Records excerpted from a collection
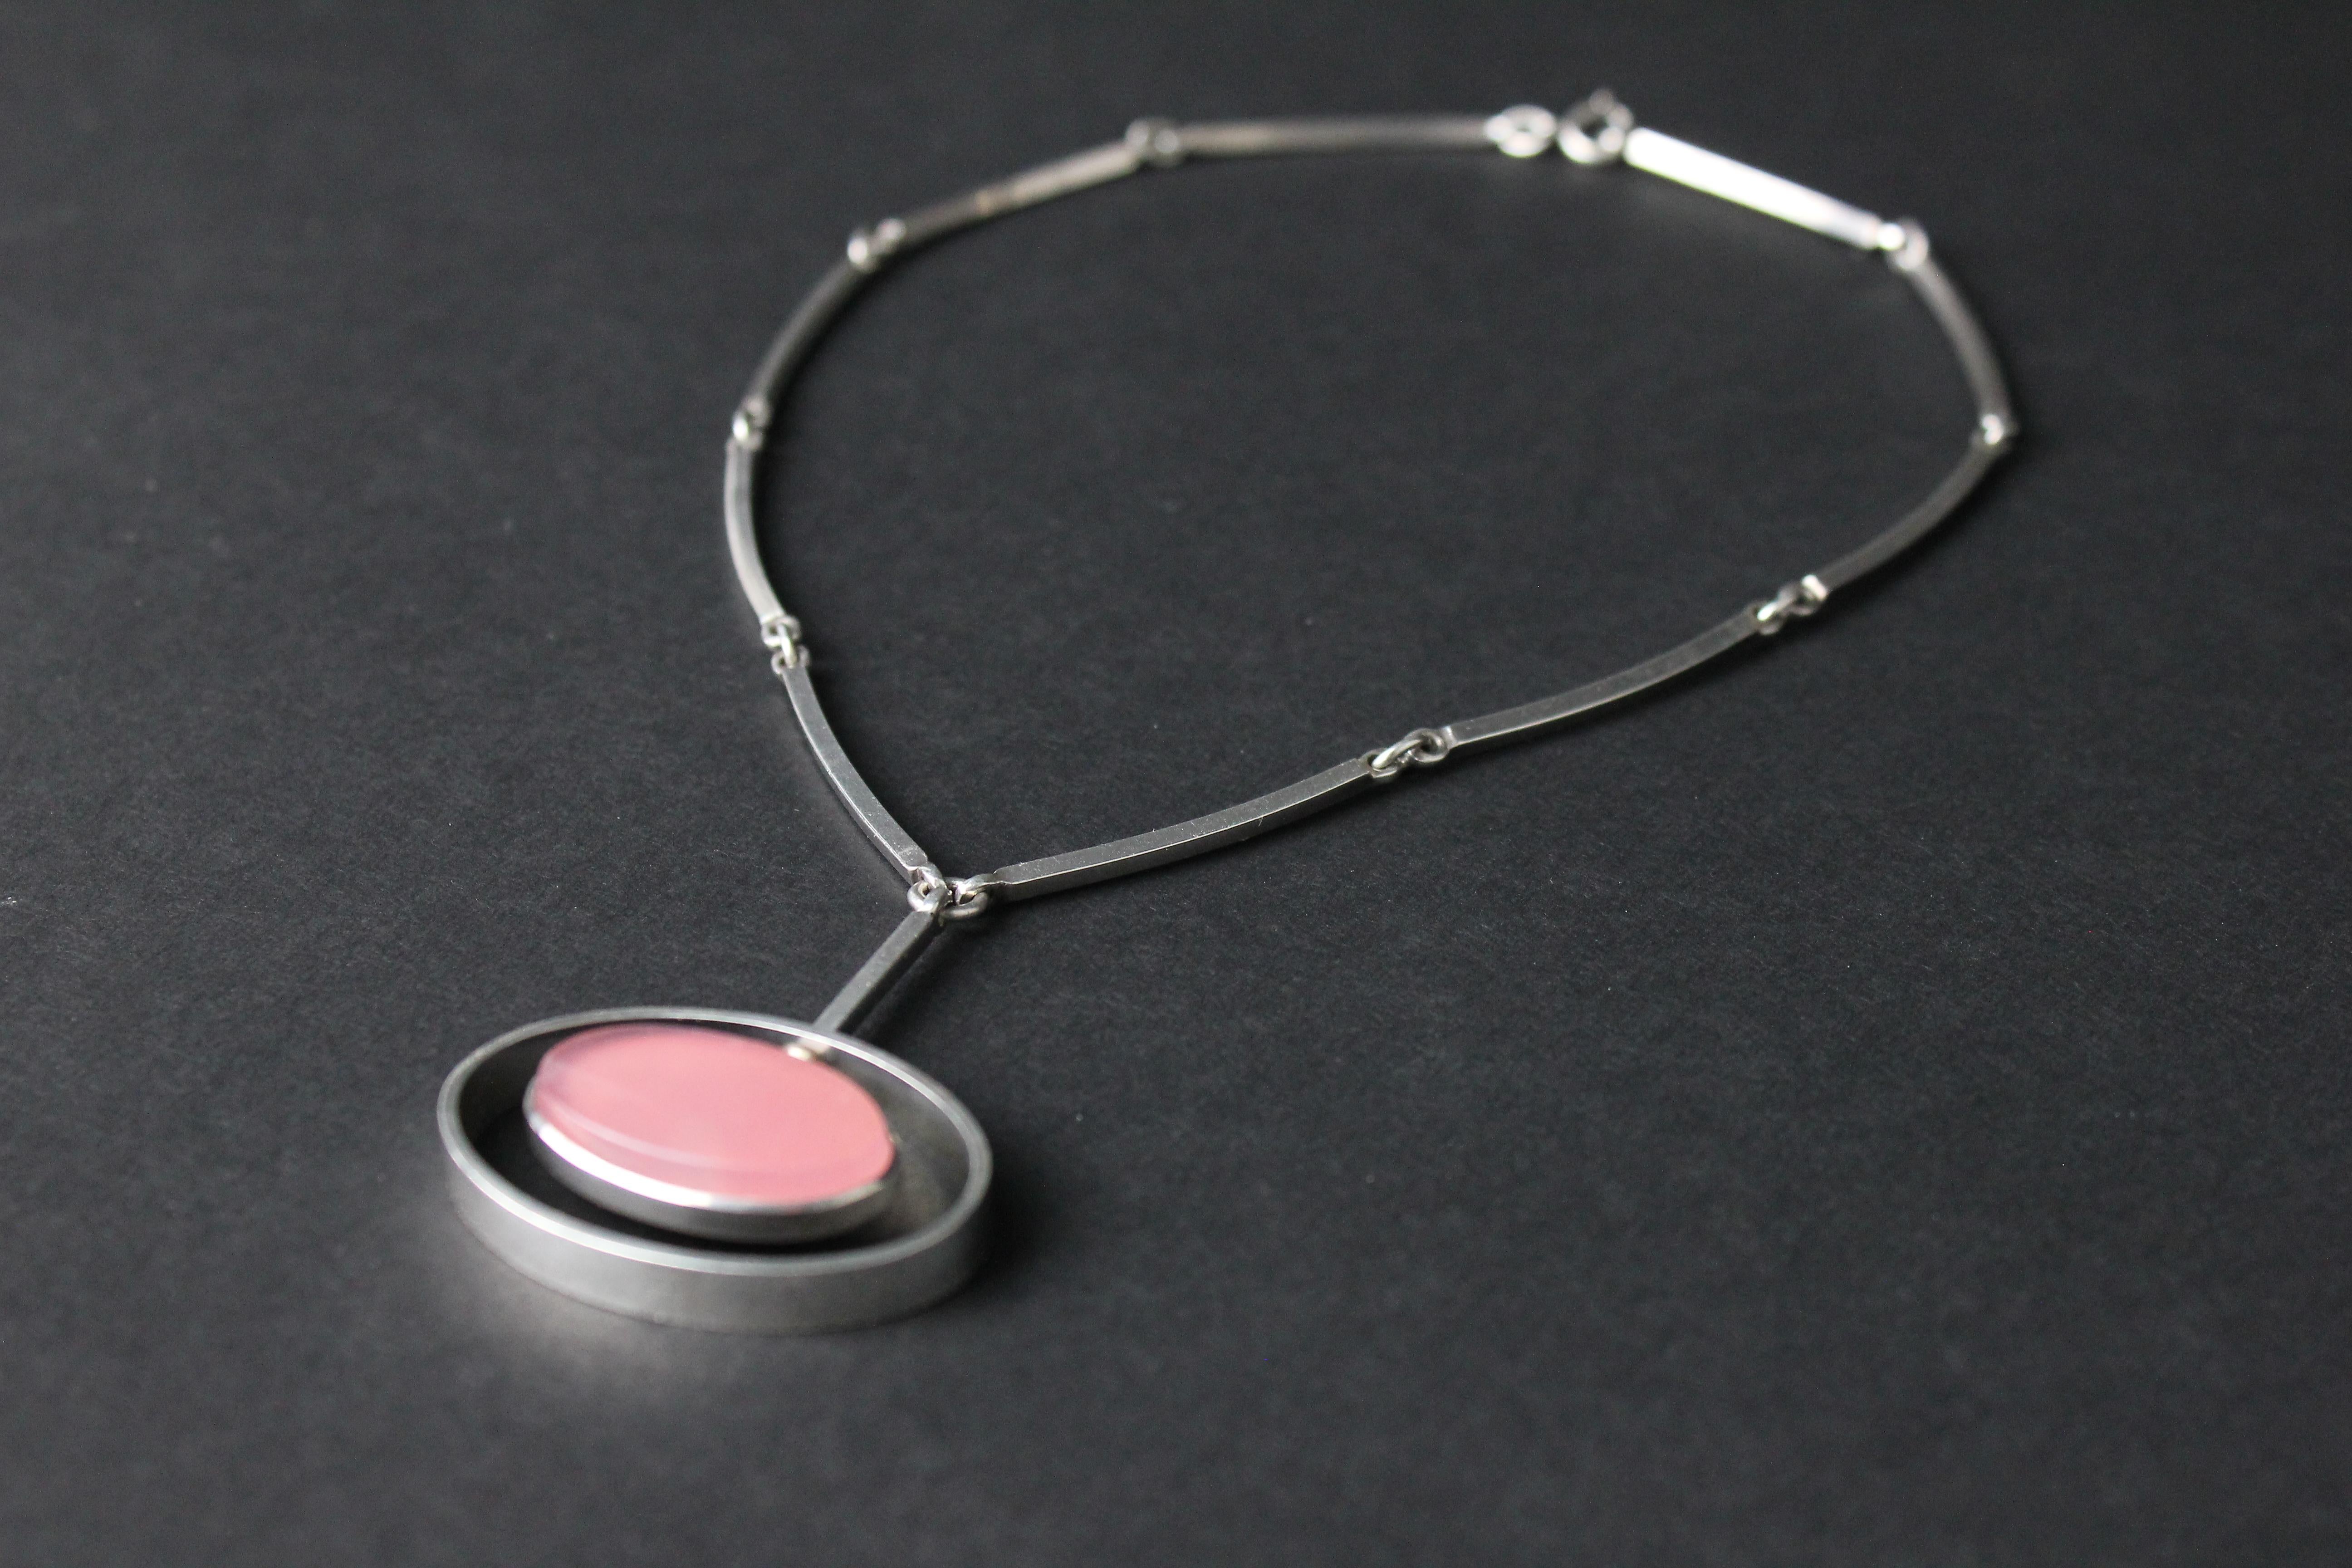 Very modern and stylish necklace by famous Danish firm NE From.
The length of the pendant is 5cm, 4cm wide. Flat oval cut rose quartz.
Very good condition.

NIELS ERIK FROM
The Danish silversmith Niels Erik From opened his studio in 1931 at the age

* Exercise prompt: Please reproduce, word for word, every line from the line with "Very good condition." to the final line above, including both ends.

* Reply:
Very good condition.

NIELS ERIK FROM
The Danish silversmith Niels Erik From opened his studio in 1931 at the age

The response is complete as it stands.